Back in the ’50s and ’60s, deans and department heads flocked overseas to recruit, offering generous salaries and a two-year federal tax holiday for American and British academics willing to come to Canada. In his 1996 book, Yankee Go Home!, historian Jack Granatstein estimated that Canadian citizens(many educated outside of the country)went from comprising 75 per cent of faculty in the 1950s to less than half by the end of the 1960s.
The nationalist backlash was not long in coming. As early as 1968, there was an active campaign for preferential hiring of Canadian citizens. A watershed 1976 report on Canadian Studies entitled “To Know Ourselves” brought the nationalist debate out of the ivory tower and into the public consciousness. The report, written by the founding president of Trent University, T.H.B. Symons, concluded that questions of Canadian history, politics and society were grossly ignored, and that many departments were reluctant to hire Canadians. By 1977, the federal government had eliminated the tax holiday and mandated preferential hiring practices, some of which persist today.

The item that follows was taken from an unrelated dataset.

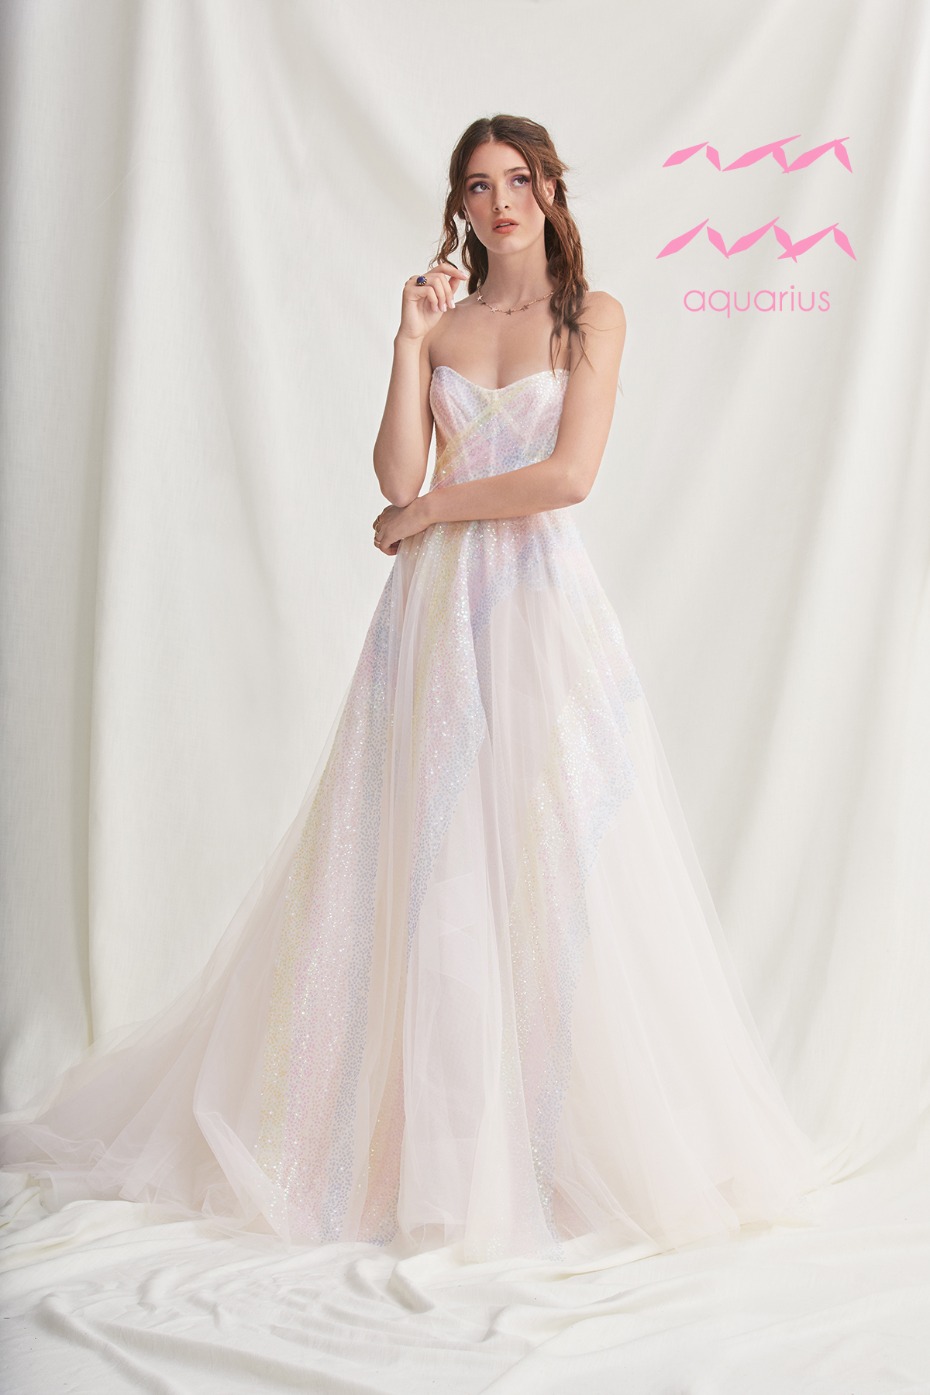 rainbow sparkle wedding dress for the Aquarius Zodiac

Moreover, Canadian doctoral programs began to mature and the explosion of Canadian undergraduates became an explosion of Canadian doctoral candidates. Only 306 Ph.D.s were awarded in 1960, but by 1970 that number had ballooned to 1,680. Since 1992, Canadian universities have conferred at least 3,000 doctorates every year. And while a good number of Canadians are doing graduate work stateside, they are in the minority: Canadian citizens earn five times as many doctoral degrees in Canada as in the U.S.
Archer, a Canadian who earned his Ph.D. at Duke University in 1985, says, “more recently, people coming out of Canadian doctoral programs are as competitive as graduates from any programs. If there was a historical relationship [favouring American Ph.D.s], I don’t know if it persists today.”

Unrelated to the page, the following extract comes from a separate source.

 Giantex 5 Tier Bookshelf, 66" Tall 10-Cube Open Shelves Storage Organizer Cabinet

But a survey of faculty biographies suggests that it just might. At many schools, American-trained academics account for a significant proportion of the faculty.
For example, in Archer’s department at the University of Calgary, of the 21 regular, full-time faculty members, 11 have Canadian doctorates while eight have American ones. The departmental ratio in political science at Queen’s is 14 to five in favour of Canadian Ph.D.s, while Carleton’s physics department has 10 Canadian and two American Ph.D.s.